Marks & Spencer’s supplier engagement is driving resource efficiencies and product innovation

In June 2012, Marks & Spencer celebrated the fifth anniversary of Plan A. Launched in 2007, Plan A is still widely acknowledged as the most ambitious public sustainability declaration to come from a supermarket retailer.

The fifth anniversary comes at a difficult period for the retailer. At the same time that it was reporting annual progress against its Plan A commitments, M&S was also recording a 2.7% drop in like-for-like sales in the UK for the April-June 2012 period.

Ironically, while the UK stock market and financial media have focused on short-term sales figures, Plan A has been increasingly demonstrating its centrality to M&S’s long-term corporate and commercial future. Already 138 commitments have been achieved, with a further 30 on course. Of all M&S products, 31% adhere to a Plan A commitment and a total of £185m in net benefits has been delivered.

Of most interest, yet less analysed, has been the steady evolution of the way in which the company, under Plan A, has been adjusting its operational relationship with its suppliers in order to drive commercial benefit and secure a healthy supply chain for the future.

M&S has been shaping new models of supplier engagement to encourage and incentivise environmental responsibility in the supply chain.

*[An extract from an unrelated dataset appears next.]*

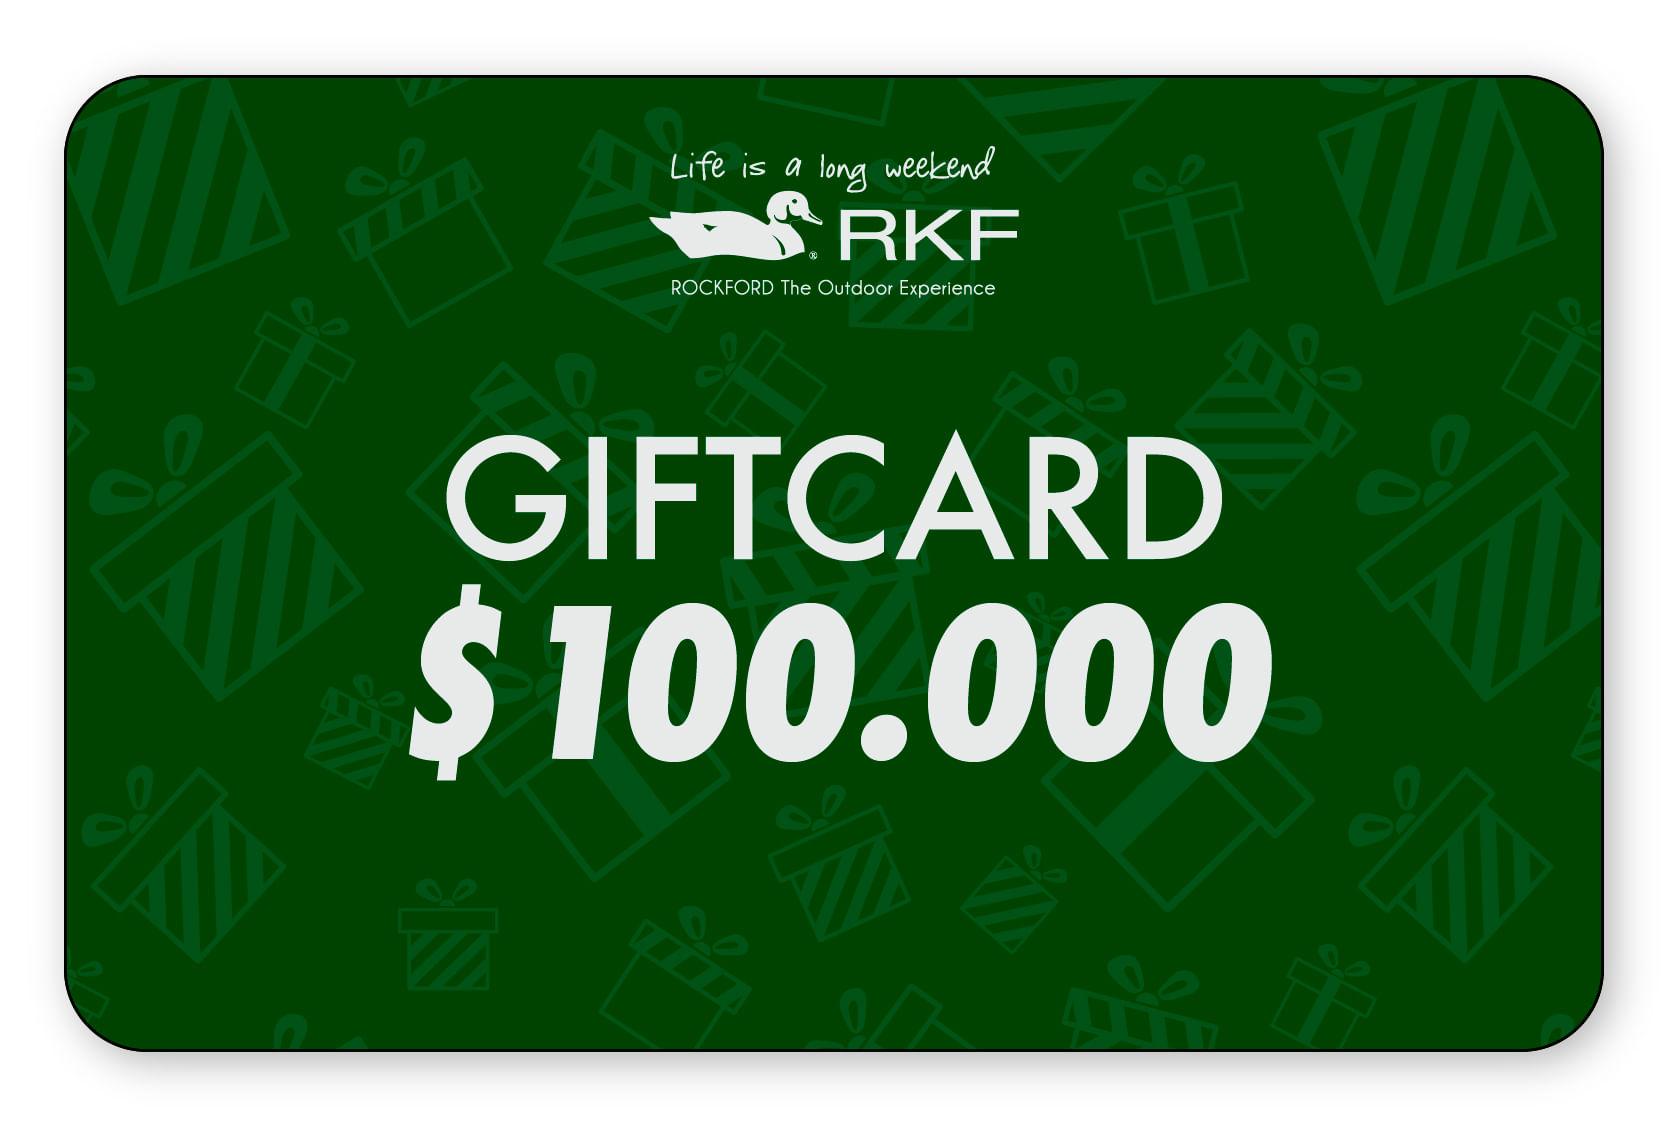 Gift Card $100.000

Applying a decade of learning from the company’s engagement with suppliers on social issues has been critical to this process.

Evolving approach

“We needed suppliers to understand the business case for making environmental improvements themselves,” says Carmel McQuaid, climate change manager at M&S. “If you go down the road of audits and compliance, that doesn’t lead to suppliers owning the agenda.”

From its ongoing supplier engagement process, M&S learnt the importance of involving suppliers closely. McQauid says this engagement “was telling us that it had to be something that the CEOs and senior factory managers understood and were driving themselves”.

M&S began by working closely with a small number of its most proactive suppliers. A handful of model factories were established to provide a baseline of information on exactly what environmental changes were possible in factories and to determine their cost and financial payback.

The broader objective of the model factory approach was to understand and demonstrate the business case for improved environmental management within supplier factories.

“We didn’t quite know what was possible, but we were looking for step-changes in environmental impact,” says McQuaid.

With the pilots complete, the next challenge was how to leverage the lessons across the supply chain.

For McQuaid, this was a case of analysing the model factory data and determining the investments that could form the basis of commercially sound and practically achievable recommendations for the wider supply chain.

New Plan A commitments came from this process at the same time that M&S was expanding its original 100 commitments to 180, in 2010. 

This included a commitment for the top 100 clothing factories to install more efficient lighting, improved insulation and temperature controls, and to reduce energy usage by an estimated 10% by 2015.

M&S also committed all of its food suppliers to completing a balanced performance scorecard, which covers social and environmental issues as well as lean manufacturing. The company wants a quarter of those suppliers to achieve a gold rating by 2015.

While some of the lessons from the model factories turned into supplier mandates through Plan A commitments, the larger focus was, and continues to be, demonstrating the business case for action.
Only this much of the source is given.